I’m going around saying that the story I tell in Declaration, despite its centrality, is little known. Yet one of the better-known dates, pivotal to the story, is Wednesday, May 15, 1776, when the Congress voted to add a preamble to a resolution it had passed on Friday, May 10. Because John Adams co-sponsored the May 10 resolution, and wrote the preamble that was tacked on its front on May 15, adoption of the preamble was an important moment both in Adams’s emergence as the “colossus of independence” and in the Congress’s movement toward declaring independence. Many founding-father biographers and writers on the Continental Congress have therefore mentioned and even dwelled on that day.

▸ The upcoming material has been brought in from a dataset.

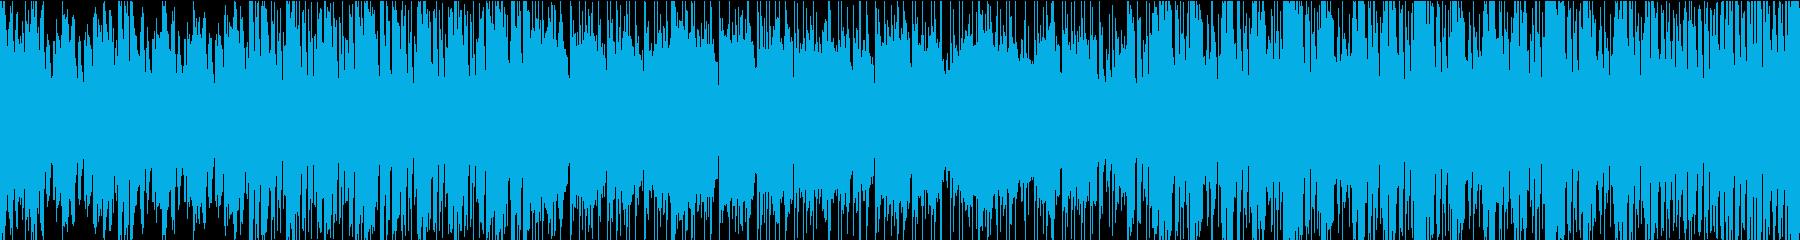 緊迫感のあるバトルシーンのBGMの再生済みの波形

Some have even said that on May 15, America effectively declared independence. Adams certainly liked to think so.
But the context in which the preamble was adopted, and the political work that Adams intended it to do — outside the Congress — has been glossed over, at least in most books for general readers. The inside story, which I try to bring to life in Declaration, raises many issues that certified narratives of events of 1776 have naturally found difficult to cope with. For the Adams preamble isn’t an edifying document, and May 15, though Adams rightly thought of it as “an epoch” in American independence, wasn’t an edifying day.
The realpolitik can be unsettling — but it’s more fun than the whitewashed version. The preamble brought in Monday had been written quickly over the weekend to adjust an unintended effect of the resolution passed the previous Friday. Adams, along with Richard Henry Lee of Virginia, had brought the original resolution into the Congress as part of a secret attempt to overturn the government of Pennsylvania, the Congress’s mighty host, which opposed independence. Pennsylvania controlled the reconciliationist middle-colony bloc, making a declaration of independence impossible. The pro-independence coalition — actually led by Samuel Adams (John was then known mainly as Samuel’s younger second cousin and top operator) — plotted to get the elected government of Pennsylvania thrown out and taken over by pro-independence elements there, thus swinging the keystone colony’s great weight over to independence. As their local allies prepared the working-class committees and militias to take over the province, the Adamses tried to maneuver the Congress into supporting a local uprising against the Pennsylvania assembly.
Hence the May 10 resolution. It proposed that the Congress recommend to those states which, amid the imperial crisis, lacked working governments that they end their old governments and create new ones that would conduce to their happiness. But the real target was Pennsylvania, where the Adamses’ local allies were actually organized and ready to put in a pro-independence government, on the authority only of committees and militias.
On its face the proposed resolution was bizarre. The Continental Congress was not in a position to tell, unsolicited, its member states what to do about their governments. John Dickinson of Pennsylvania had a working representative government in place, committed to American rights (though not to independence), and he knew the Adamses’ were secretly organizing locally against him. In the Congress, he had every reason to object strenuously to the measure as overbearing, illegal, and driven by a hidden Massachusetts agenda against his representative government.
But Dickinson was smart. Instead of arguing, he embraced the resolution, shifting the frame. Since Pennsylvania did have a working government, a veritable model for the colonies that didn’t, he said, the resolution obviously couldn’t apply to it. The Congress then passed the resolution on the understanding that Pennsylvania was exempted. The resolution’s real purpose had been deftly vitiated.
Score one for Dickinson. But then, unwisely, he left town.
So on Monday morning, May 13, with Dickinson gone, in came John Adams with a preamble to the resolution. It wasn’t really a preamble. It re-framed the entire meaning of the resolution. It was far longer than the resolution itself, with John Adams written all over it: hectoring, accusing, piling on. It shoved Pennsylvania back into the scope of the resolution, on a novel technicality, shared with an article that Thomas Paine had meanwhile published in Philadelphia (Forester 4, “To the People”), part of the Adamses’ concerted effort at once to galvanize the street against Dickinson and manuever the Congress against Pennsylvania. Local radical leaders readied themselves to tell the militias, committees, and the street as whole that the Congress, with adoption of the preamble, was about to support them in removing the assembly.
Reconciliationists in the Congress argued desperately — especially James Wilson of Pennsylvania — against overreaching by the Congress and uprising in the streets, but they lacked Dickinson’s finesse, and they’d lost control of the narrative. On May 15, the preamble passed, with many of the Congressmen still not understanding what they were unleashing on their host colony’s elected government. The Pennsylvania State House, where the Congress met in the Pennsylvania assembly’s regular room, was about to become a scene of genuine revolution. All politics is local. …
So maybe May 15 really was, as John Adams liked to say, America’s first independence day. Thanks to him, one of the oldest elected, representative governments in the English-speaking world was set up to be overturned, “extralegally” (a polite term), by an unelected populist militia, to which John Adams wouldn’t have given an inch in Massachusetts. American politics can be — and certainly was in 1776 — a rough business.
Congratulations, John Adams – what an exciting day it must have been.